3. Make sure performance tests run for a long time (30+ minutes) so you can evaluate long-term performance, not short-term spikes or latencies. Some events (such as segment merging, and GCs) won’t happen right away, so the performance profile can change over time.

4. Begin making single changes to the baseline defaults. Test these rigorously, and if performance improvement is acceptable, keep the setting and move on to the next one.

Using and Sizing Bulk Requests

This should be fairly obvious, but use bulk indexing requests for optimal performance. Bulk sizing is dependent on your data, analysis, and cluster configuration, but a good starting point is 5–15 MB per bulk. Note that this is physical size. Document count is not a good metric for bulk size. For example, if you are indexing 1,000 documents per bulk, keep the following in mind:

§ 1,000 documents at 1 KB each is 1 MB.

§ 1,000 documents at 100 KB each is 100 MB.

Those are drastically different bulk sizes. Bulks need to be loaded into memory at the coordinating node, so it is the physical size of the bulk that is more important than the document count.

Start with a bulk size around 5–15 MB and slowly increase it until you do not see performance gains anymore. Then start increasing the concurrency of your bulk ingestion (multiple threads, and so forth).

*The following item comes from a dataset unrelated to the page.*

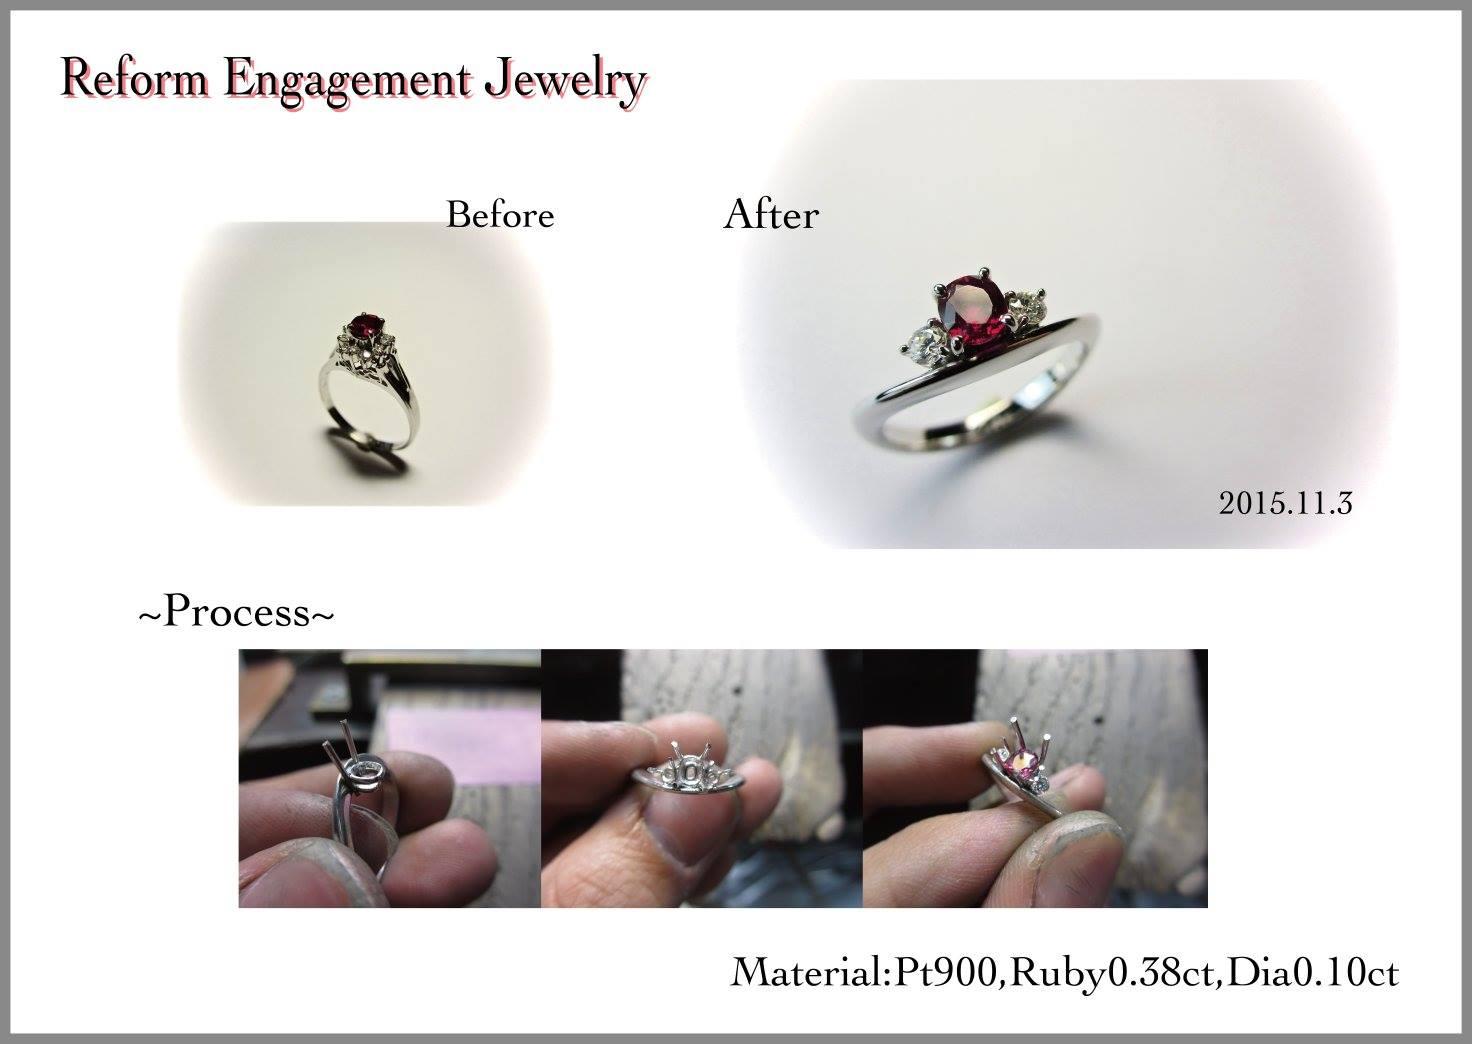 ルビー エンゲージリング 婚約指輪 リフォームジュエリー リメイク リモデル 可愛い サプライズ 指輪 立て爪 プラチナ V字 ダイヤモンド SAIJO 森拓郎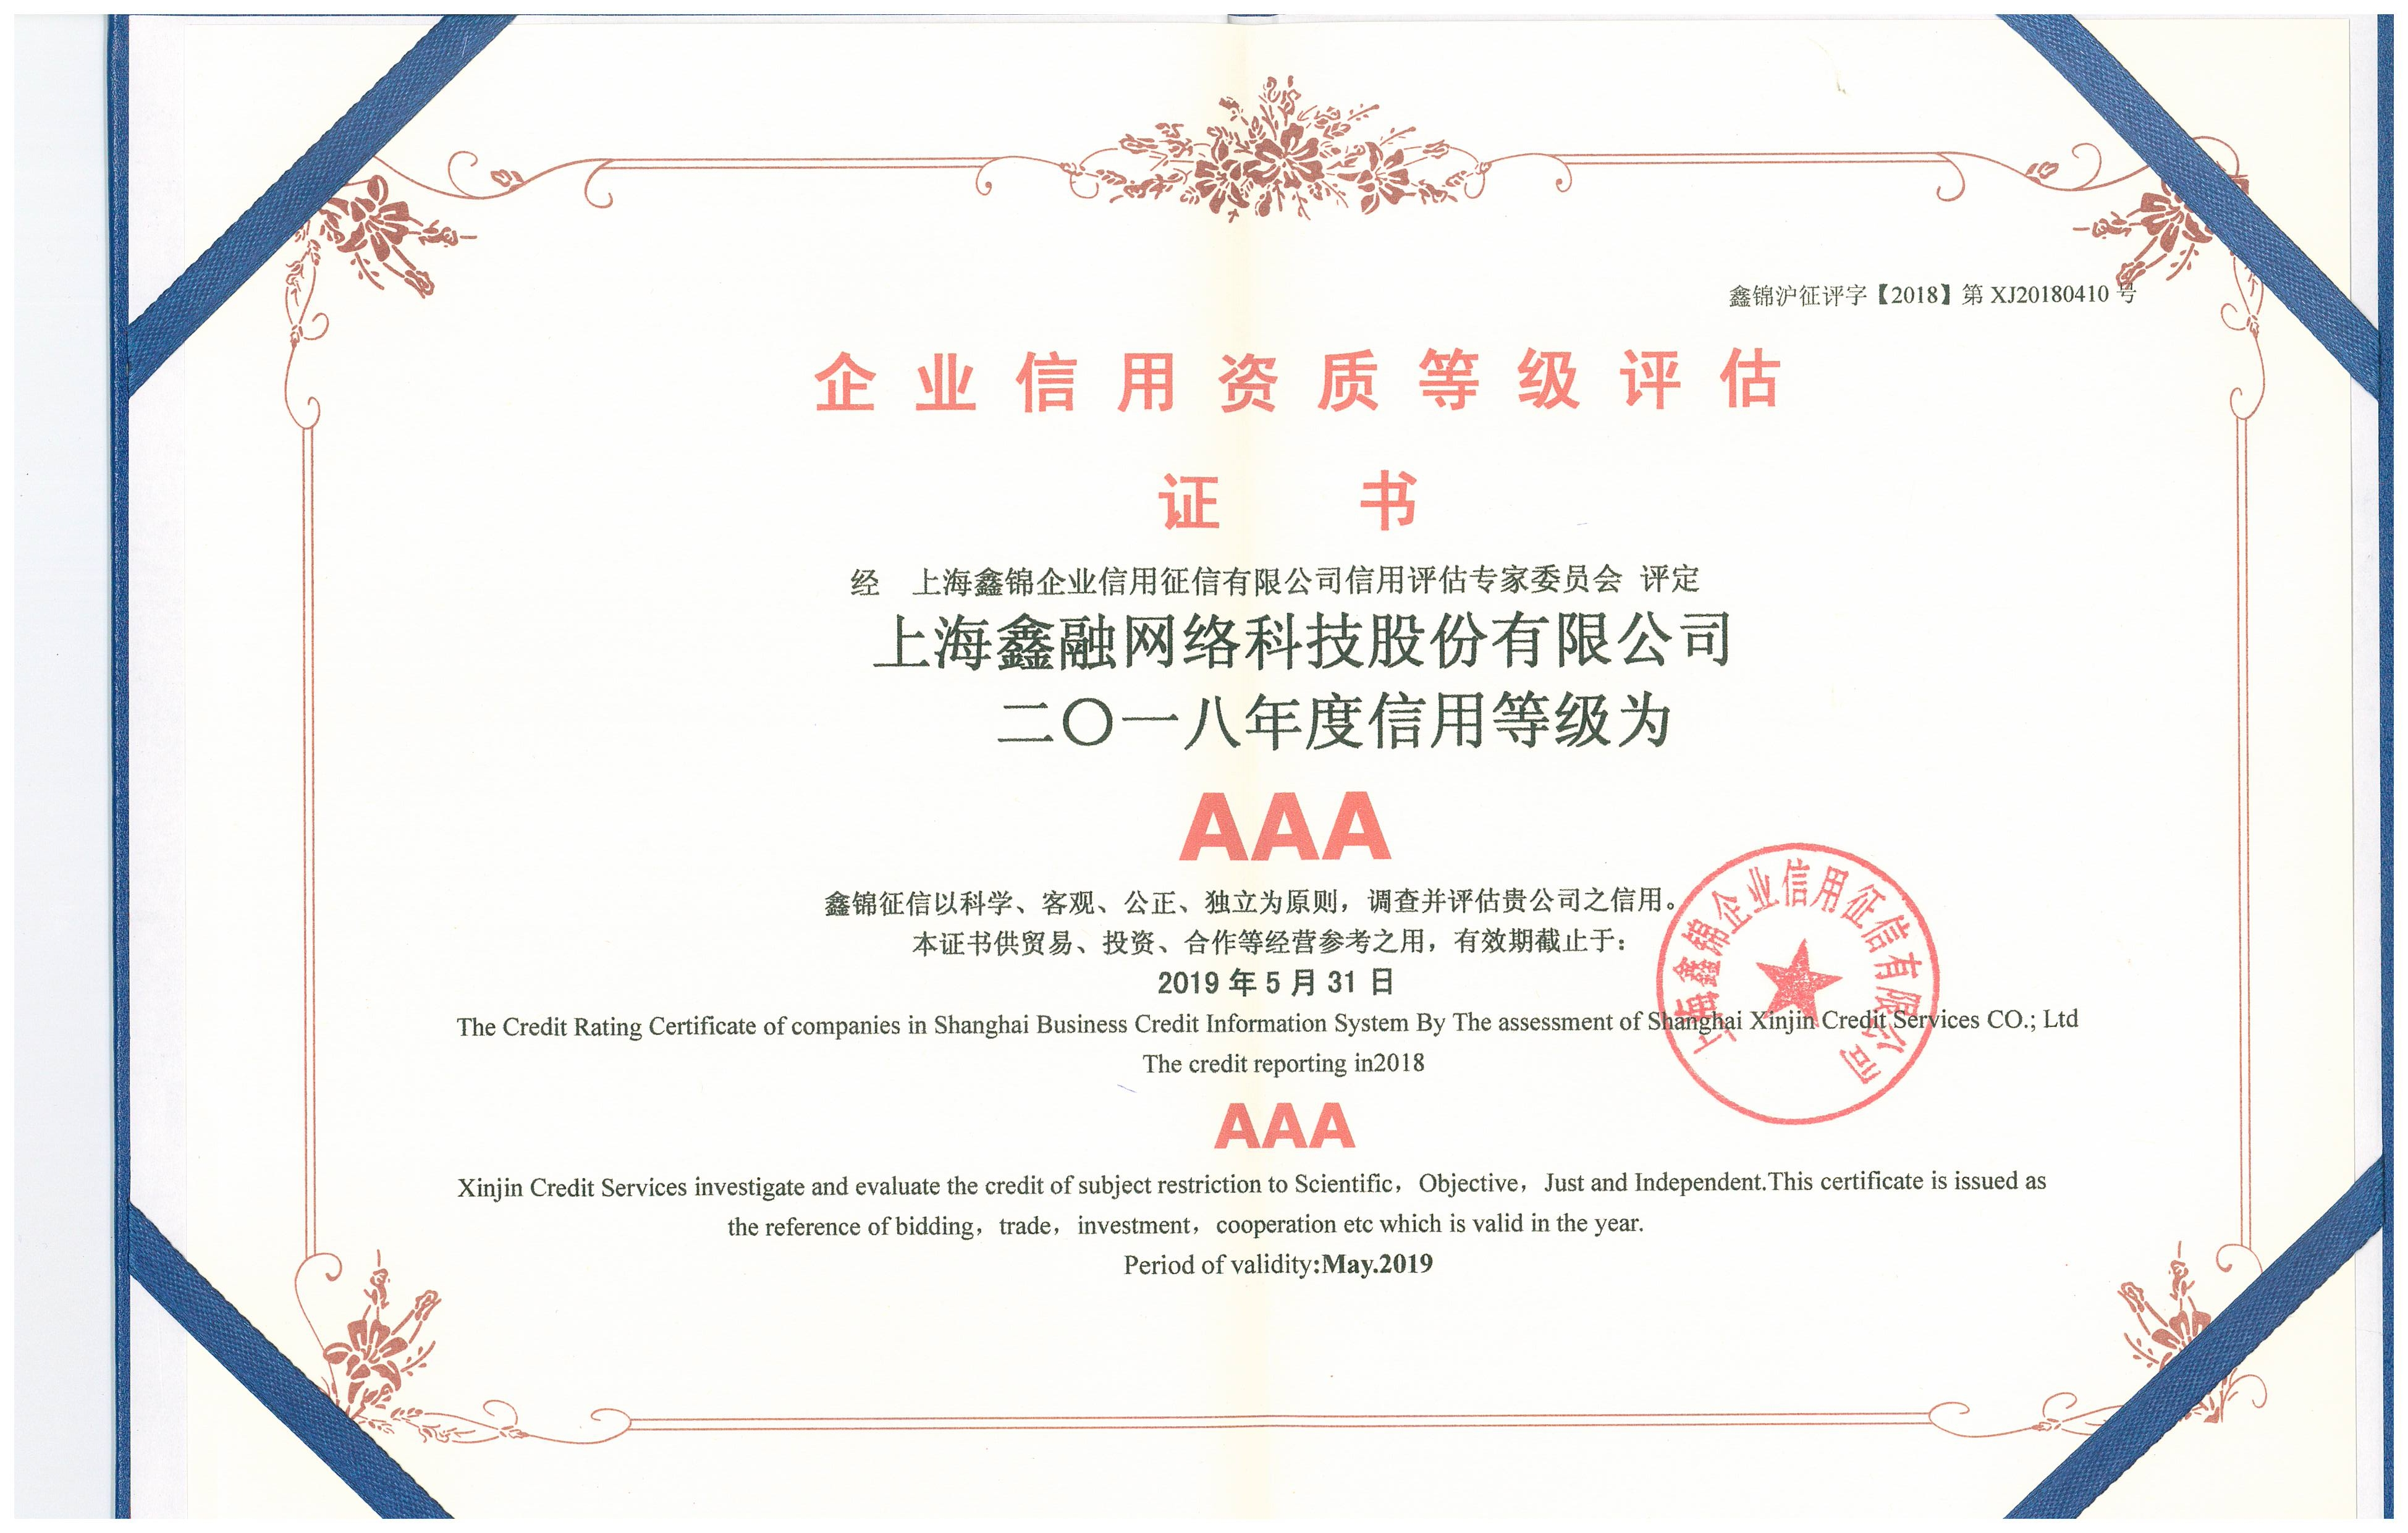 鑫融网络2018年AAA等级证书

Monitor your nodes with Marvel and/or tools such as iostat, top, and ps to see when resources start to bottleneck. If you start to receive EsRejectedExecutionException, your cluster can no longer keep up: at least one resource has reached capacity. Either reduce concurrency, provide more of the limited resource (such as switching from spinning disks to SSDs), or add more nodes.

NOTE

When ingesting data, make sure bulk requests are round-robined across all your data nodes. Do not send all requests to a single node, since that single node will need to store all the bulks in memory while processing.

Storage

Disks are usually the bottleneck of any modern server. Elasticsearch heavily uses disks, and the more throughput your disks can handle, the more stable your nodes will be. Here are some tips for optimizing disk I/O:

§ Use SSDs. As mentioned elsewhere, they are superior to spinning media.

§ Use RAID 0. Striped RAID will increase disk I/O, at the obvious expense of potential failure if a drive dies. Don’t use mirrored or parity RAIDS since replicas provide that functionality.

§ Alternatively, use multiple drives and allow Elasticsearch to stripe data across them via multiple path.data directories.

§ Do not use remote-mounted storage, such as NFS or SMB/CIFS. The latency introduced here is antithetical to performance.

§ If you are on EC2, beware of EBS. Even the SSD-backed EBS options are often slower than local instance storage.

Segments and Merging

Segment merging is computationally expensive, and can eat up a lot of disk I/O. Merges are scheduled to operate in the background because they can take a long time to finish, especially large segments. This is normally fine, because the rate of large segment merges is relatively rare.

But sometimes merging falls behind the ingestion rate. If this happens, Elasticsearch will automatically throttle indexing requests to a single thread. This prevents a segment explosion problem, in which hundreds of segments are generated before they can be merged. Elasticsearch will logINFO-level messages stating now throttling indexing when it detects merging falling behind indexing.

Elasticsearch defaults here are conservative: you don’t want search performance to be impacted by background merging. But sometimes (especially on SSD, or logging scenarios), the throttle limit is too low.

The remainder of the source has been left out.